Выбрать главу

С перекошенным от страха лицом она пересекла комнату и, прикрыв за собой дверь, зашла в ванную. Снимая ночную рубашку, она слышала, как он встает с кровати и вслед за ней, сдерживая дыхание, идет к дверям ванной. Слышать его, но не видеть — в этой ситуации Маргарита чувствовала себя еще хуже, чем если бы он был перед ней, поскольку ее воображение репродуцировало перед глазами его облик, облик злого призрака, способного проходить сквозь стены и в любой момент добраться до нее.

Намеренно громко Маргарита помочилась, вытерлась, спустила воду. После этих скудных маневров, направленных на то, чтобы ввести его в заблуждение, она повернулась к раковине и левой рукой открыла кран. Одновременно правой рукой достала из открытого чемоданчика опасную бритву.

В этот момент она с ужасом поняла, что не все до конца продумала. Где она будет прятать от него эту бритву? Маргарита могла вообразить только одно место, поэтому, не теряя ни секунды, она, согнув колени и раздвинув ноги, начала затискивать бритву в свою плоть. Это было непросто, однако она воспринимала боль как осязаемое подтверждение своего желания осуществить задуманное.

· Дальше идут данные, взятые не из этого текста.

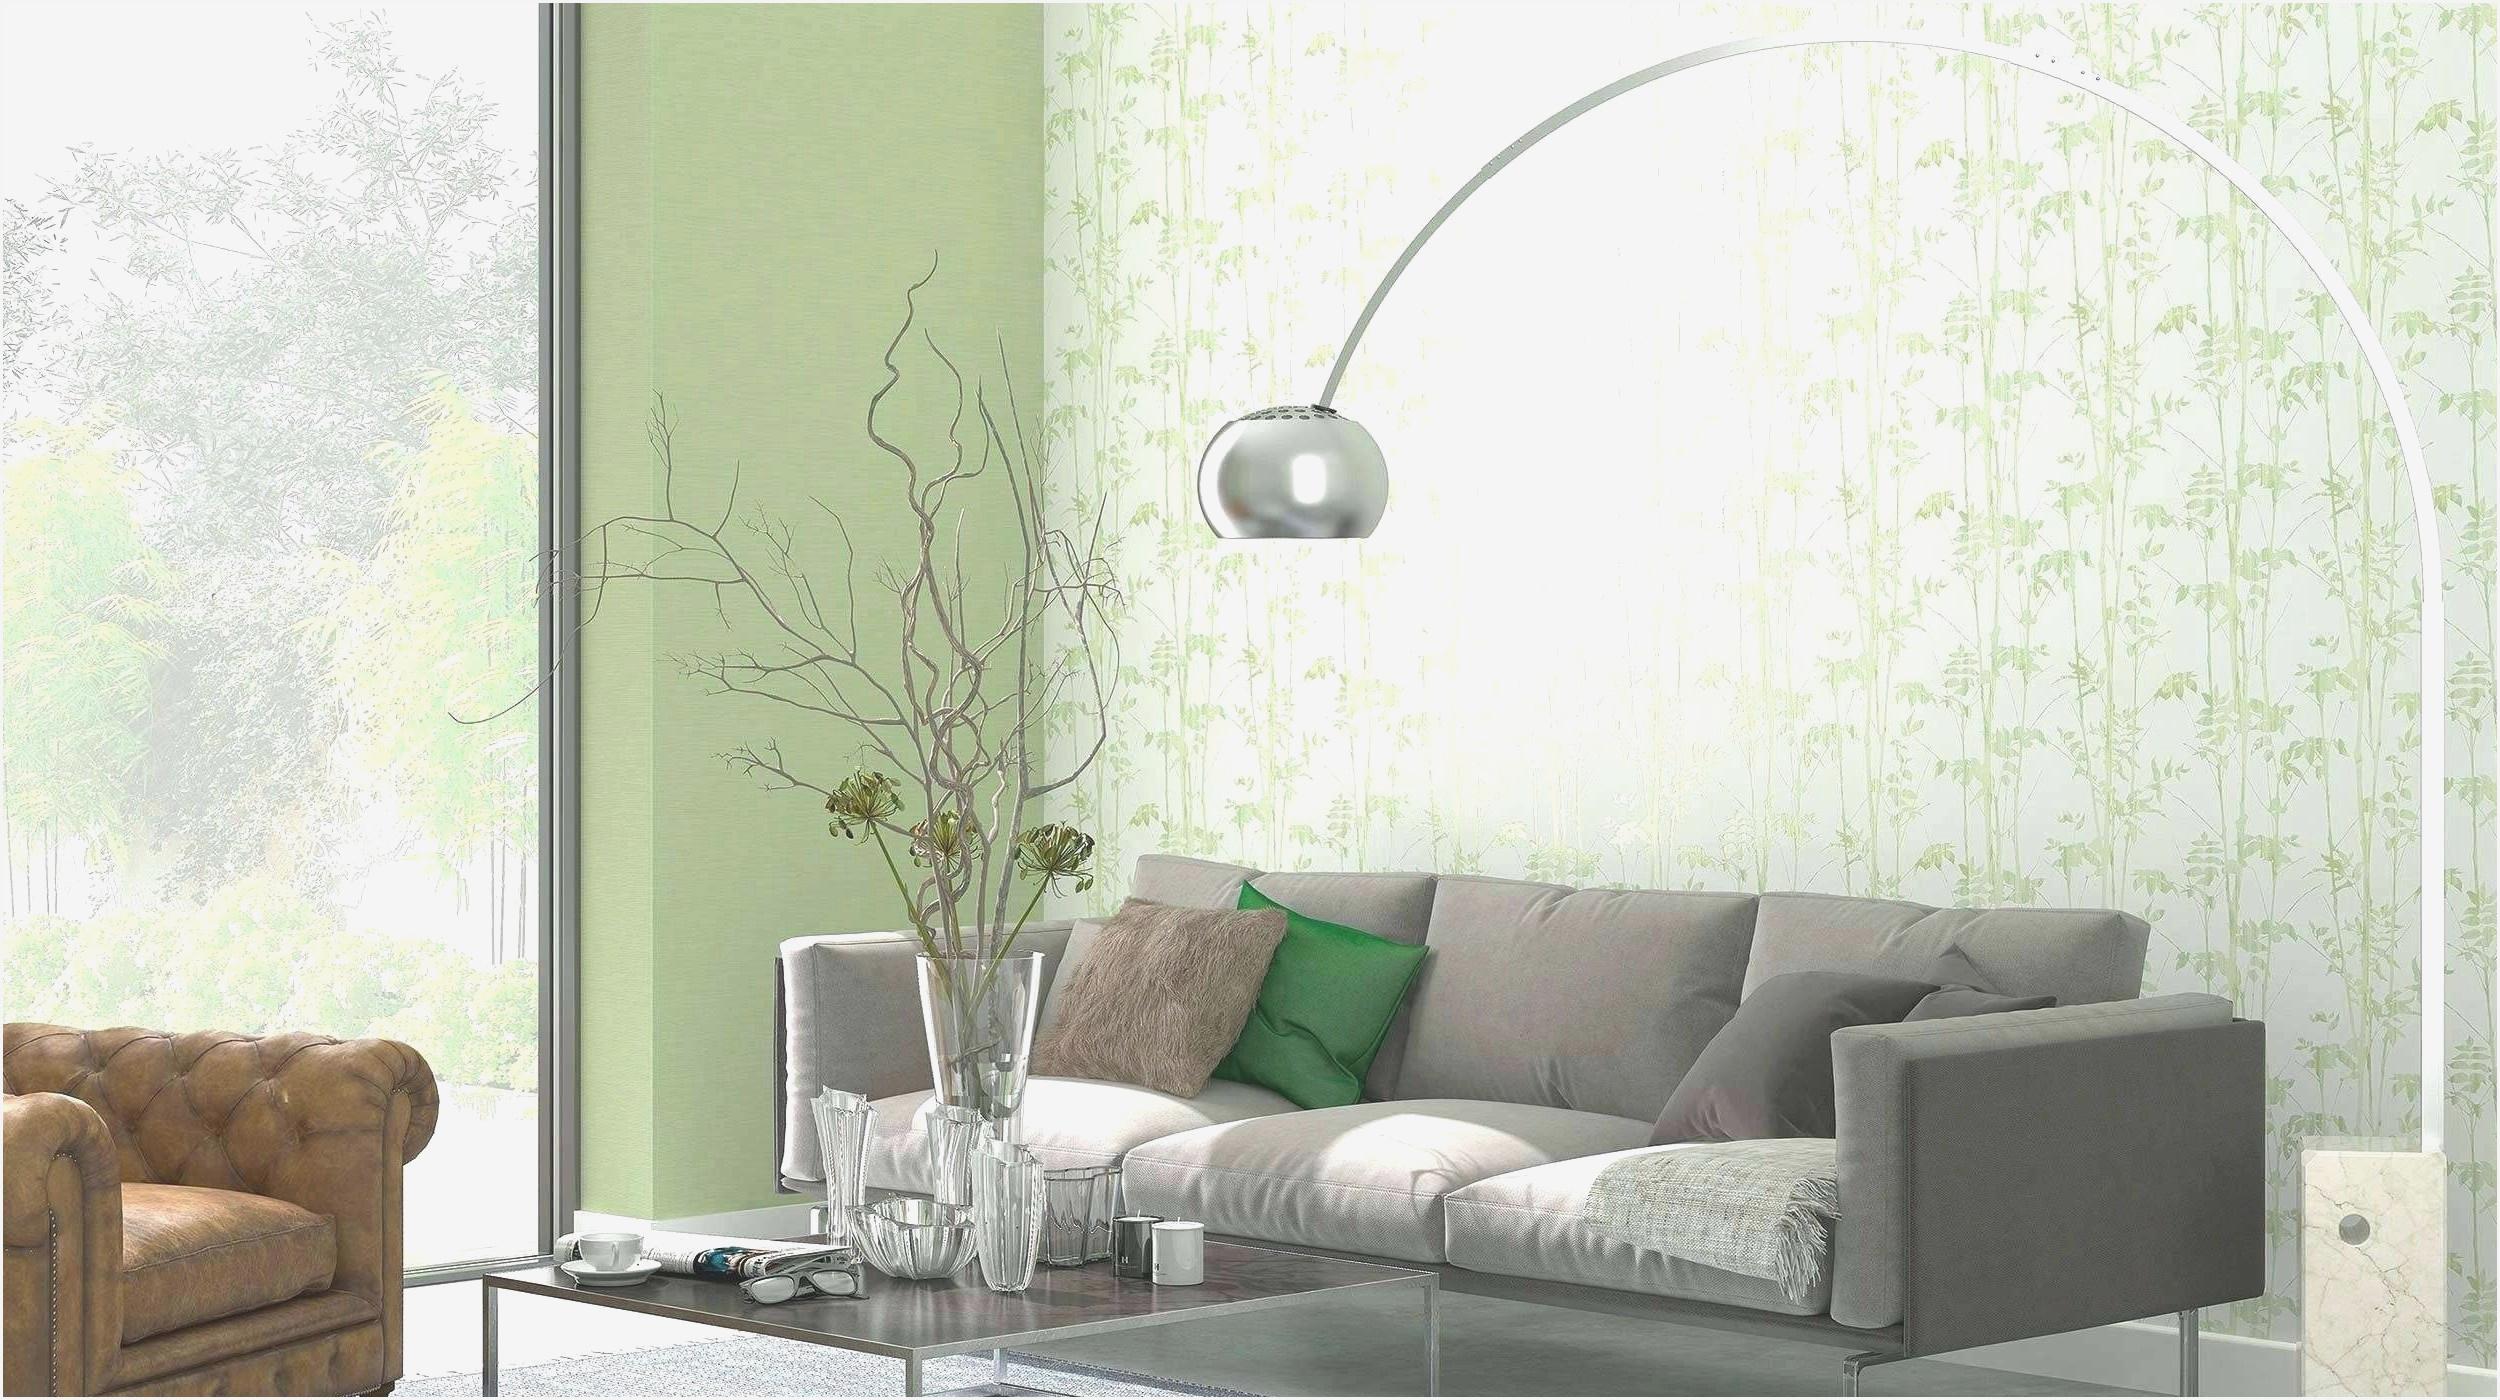 Baum Deko Garten Luxus Diy Ideen Wand Deko Wohnzimmer Wohnzimmer Traumhaus
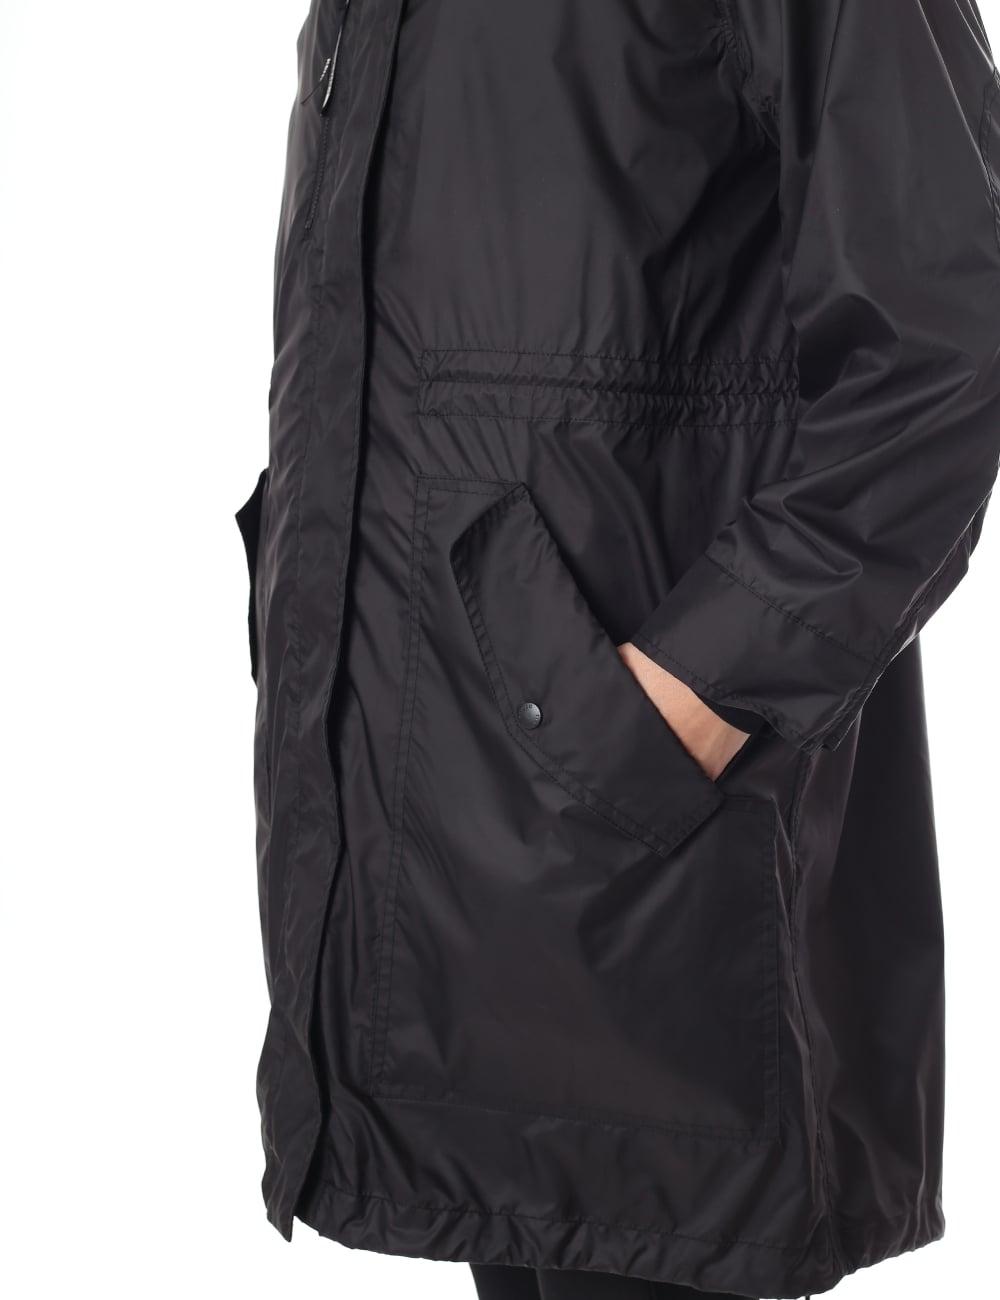 prix le plus bas 100% authentique modèle unique Women's Parka Jacket

Дрожащей рукой она выключила воду и вышла из ванной. За дверью в полутьме ее дожидался Роберт.

— Закончила?

Она кивнула. Ей было страшно вымолвить даже слово. В кровати она нырнула под одеяло и отвернулась от него. Роберт выключил свет. Маргарита не переставала чувствовать его, ей казалось, что это ощущение будет продолжаться вечно: странная смесь страха и возбуждения, смущающая и пугающая.

Она положила руку на покрытый волосами лобок и указательным пальцем нащупала бритву. Маргарита еле сдерживала дрожь. Она прикрыла глаза, пытаясь унять готовое выскочить из груди сердце, разыгравшееся воображение нашептывало ей, что сердцебиение может ее выдать.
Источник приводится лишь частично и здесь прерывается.